Like takotsubo cardiomyopathy or myocarditis, SCAD is an angiographic diagnosis of exclusion, because type 1 MI from atherosclerotic plaque rupture is a far more likely cause of ACS (including in younger women) and has more time-sensitive treatment. The ECG in ACS is usually dichotomized into STEMI vs non-STEMI, and most literature on SCAD replicates these general descriptions of ST elevation, ST depression, T wave inversion, or normal. But STEMI criteria have high false positive and false negative rates, so ST elevation can be non-ischemic or a coronary artery can be completely occluded without the ECG ever meeting STEMI criteria.
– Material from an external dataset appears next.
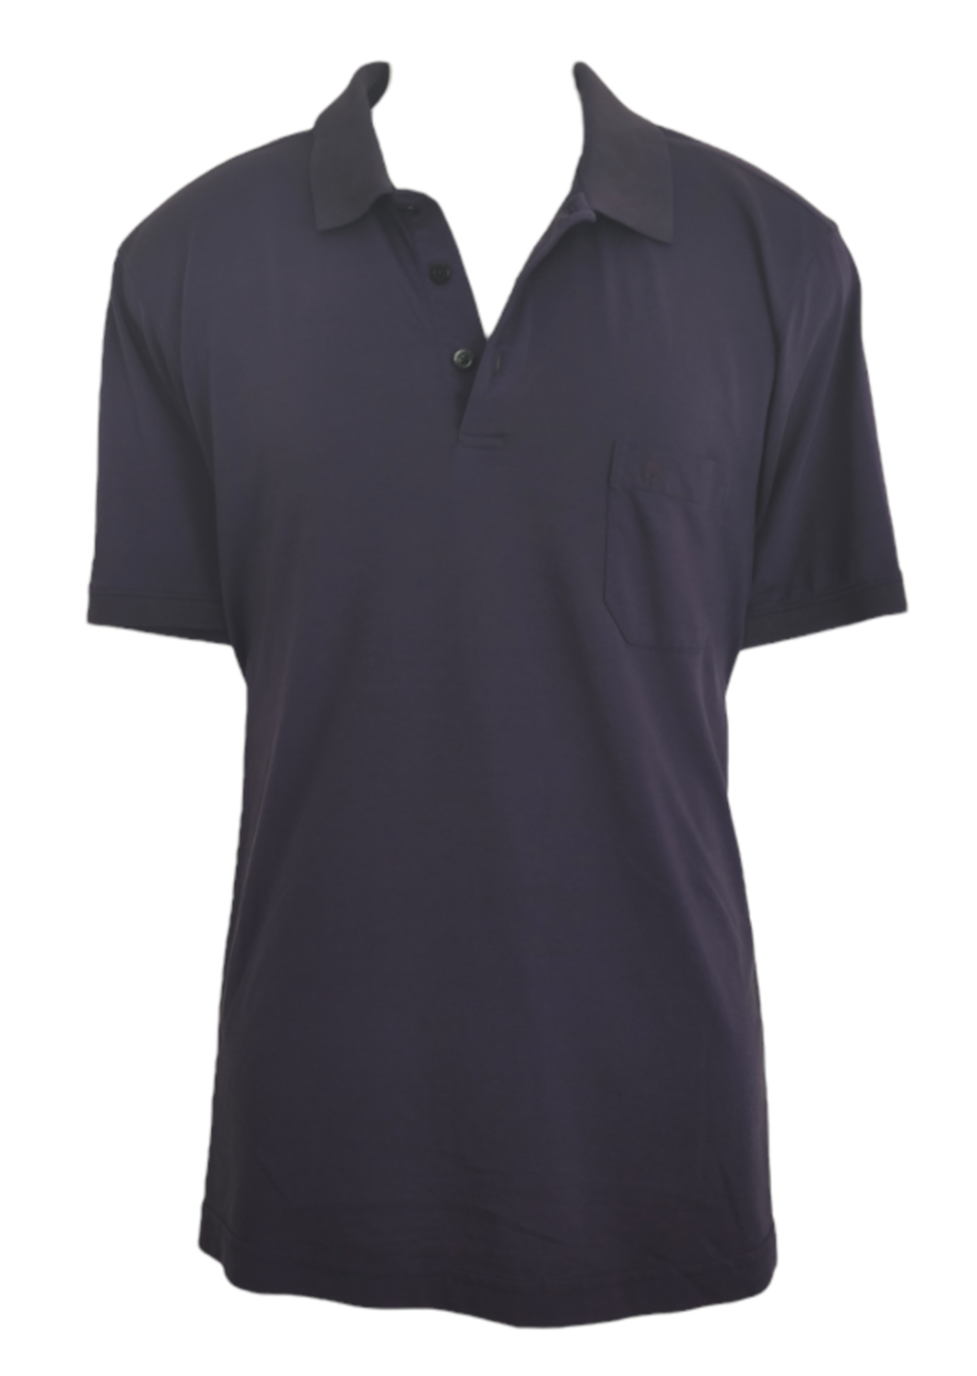 Ανδρική Μπλούζα - T-Shirt RAGMAN σε Σκούρο Μωβ χρώμα (Large)

STEMI criteria also don’t account for the dynamic process of spontaneous reperfusion and reocclusion that are also possible in SCAD. For example, in the Canadian cohort study the angiographic TIMI flow was reduced to 0-2 in a third (including 9% with complete occlusion, TIMI 0), while two-thirds had normal TIMI 3 flow. So SCAD can result in both occlusive and non-occlusive MI, and the dynamic nature of SCAD (including dissection extension, dynamic compression, and potential collateral circulation), could result in occlusions spontaneously reperfusing and reoccluding.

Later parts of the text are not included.